# I Shot A Horse ...



## Imperial (Feb 9, 2011)

horsefly that is . this lil punk kept bothering me . as soon as he landed i took a shot with a pebble , about 3/8 ths , i was around 8 feet away and BAMM ! i took the top part of its head off. im actually proud of myself for being able to hit it . not bad for a first kill post id say .  







slingshot is basic shape made out of plywood and banded with #84 rubber bands somewhat gypsy tab style and pouch is made of roo leather .


----------



## JLS:Survival (Dec 8, 2011)

nice kill!! ya gotta start somewhere!


----------



## Charles (Aug 26, 2010)

Let me see now ..... is that for the dinner table, or do you regard it as pest control?









Good shooting to hit a target that small.

Cheers ..... Charles


----------



## faca (Dec 24, 2009)

I think this os teh best way to finish with this awful criatures ;-)


----------



## newconvert (Dec 12, 2011)

i hate those pesky little mother ****ers! good shop Imp, thats a big reason for me having the smaller shooters, thats an interesting shooter, i lke your tabs and the old school look to your ss, did you make it yourself?


----------



## Rapier (May 28, 2011)

Ha Ha Good one.
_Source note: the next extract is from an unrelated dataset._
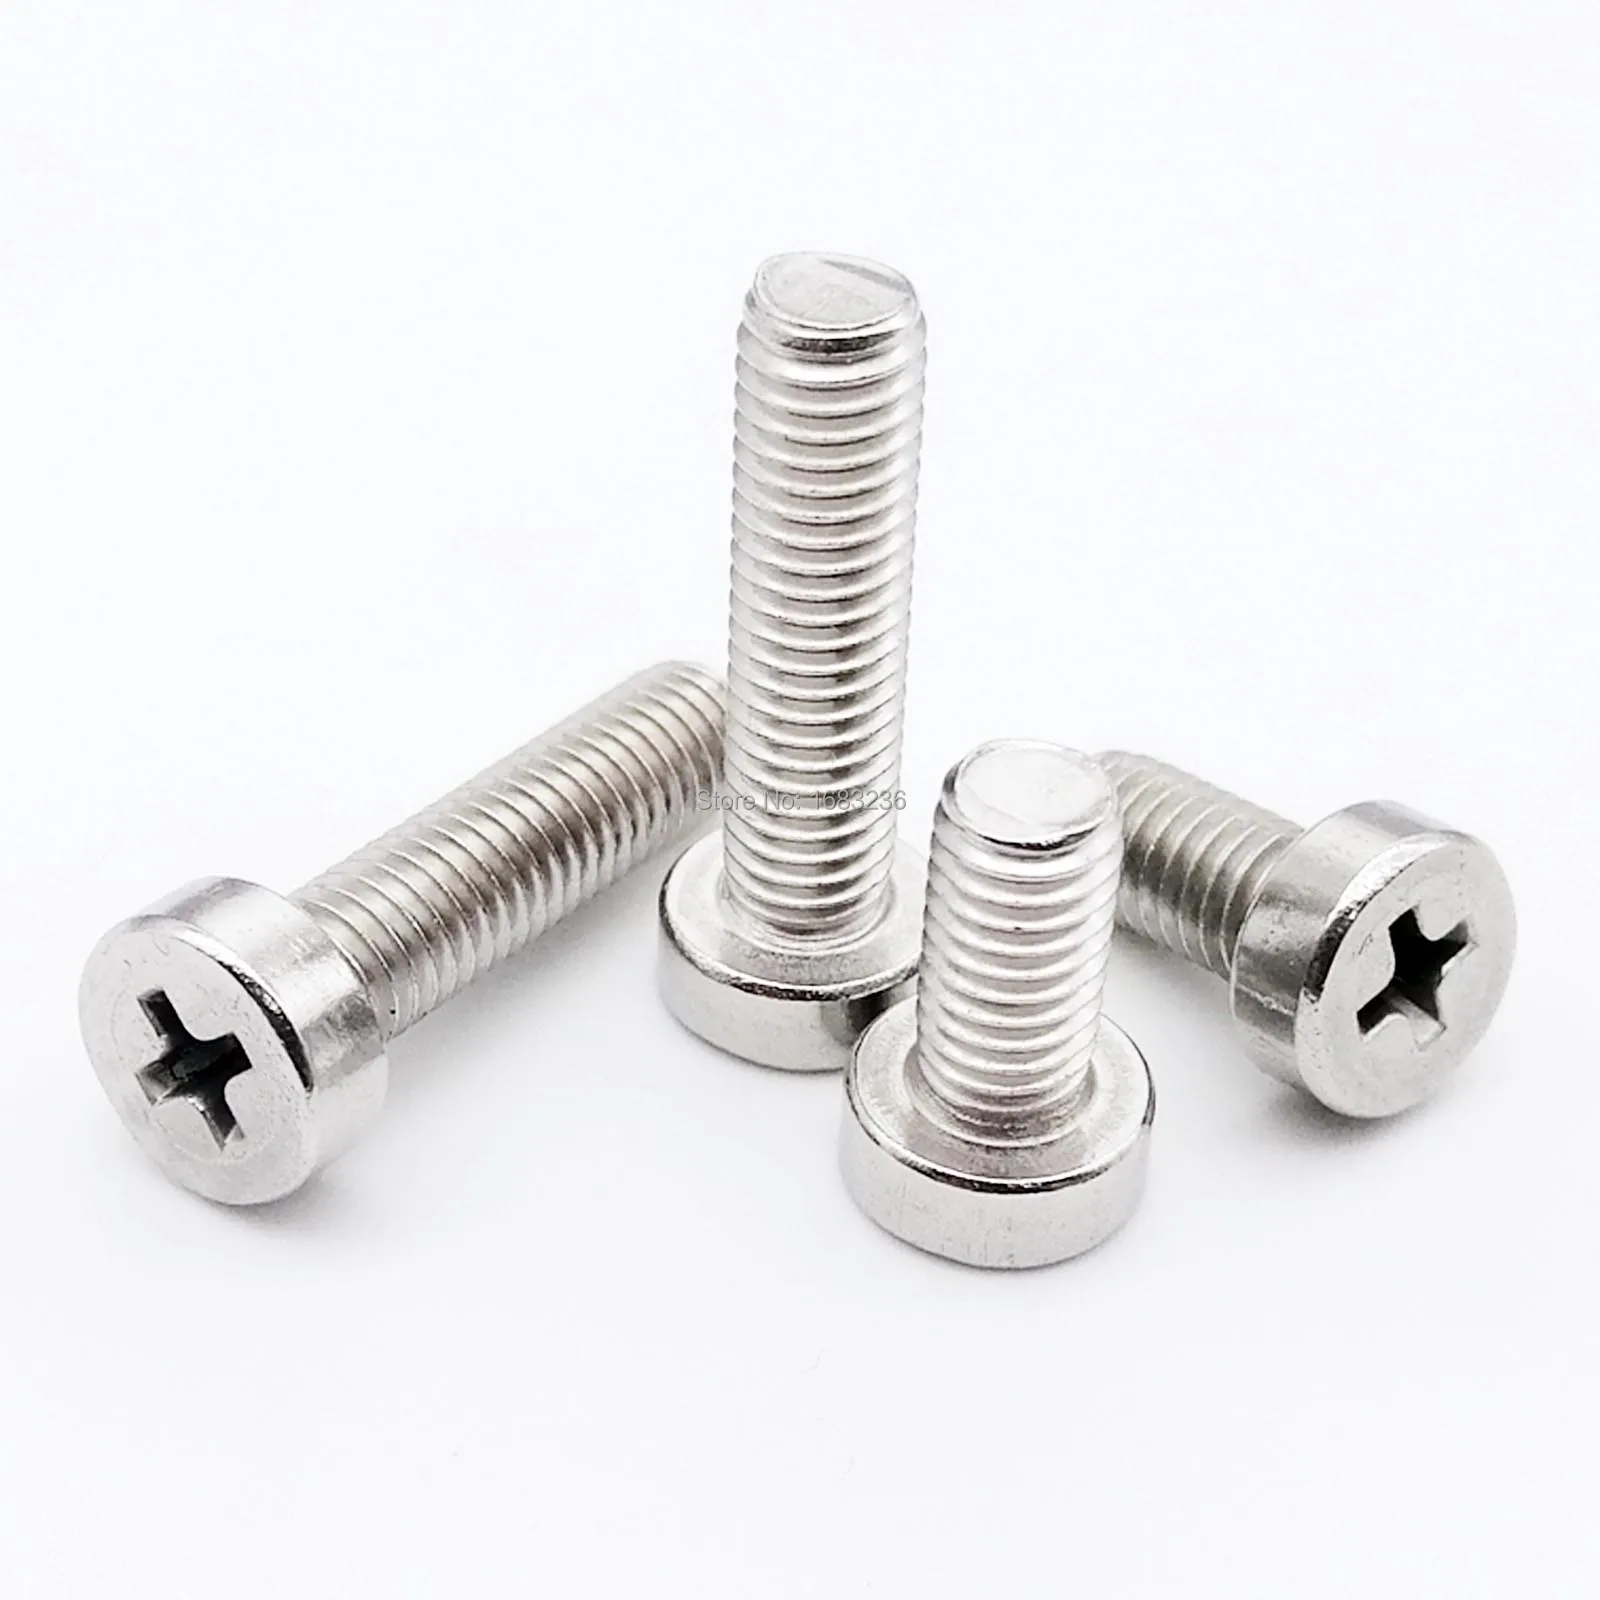 Pan Round Head Phillips Machine Screws Bolts 304 A2 Stainless Steel M5*6-100mm

Hrawk sent me a beautiful clear custom in a swap, he called it 'The Bug Blaster' but alas, I havent been able to hit one single bug yet. My skill is the problem not Hrawks catty...
That reminds me, I saw a bow maker guy (on YT) shooting dragonflys in the off season to keep up his aim. He has a great tute on how to make bows too...
Any way, Great shot! I think I'll roll up some ally foil real tight and start off on a safari round the house...


----------



## Imperial (Feb 9, 2011)

newconvert said:


> ... i lke your tabs and the old school look to your ss, did you make it yourself?


yup, i made it all by myself . plywood, office bands , minwax stain and spray on stuff . the tabs are leather shoelace dimension strips i cut out of an old welders apron . the " tactical " roo pouch is an Hrawk exclusive i cut from a piece i got from him .


----------



## rockslinger (Nov 16, 2010)

Nice shooting Imperial, those things can be really irritating!


----------



## philly (Jun 13, 2010)

I'd breast it out, not much meat in the legs or wings.







Good shooting Bud.
Philly


----------



## treefork (Feb 1, 2010)

Potatoes ,carrots and onion in a dark gravy sauce. YUM L O L


----------



## MaineMan (May 20, 2012)

great shot! i would have trouble hitting a real horse!


----------



## Deltaboy1984 (Jun 14, 2011)

_Good shooting! _


----------



## Imperial (Feb 9, 2011)

thank you all for the compliments and ...err... umm ... recipes .  







with summer approaching i cant wait for the native insect wildlife for me to shoot at. crickets, cockroaches, ants, oh yeah- an insect safari awaits me .


----------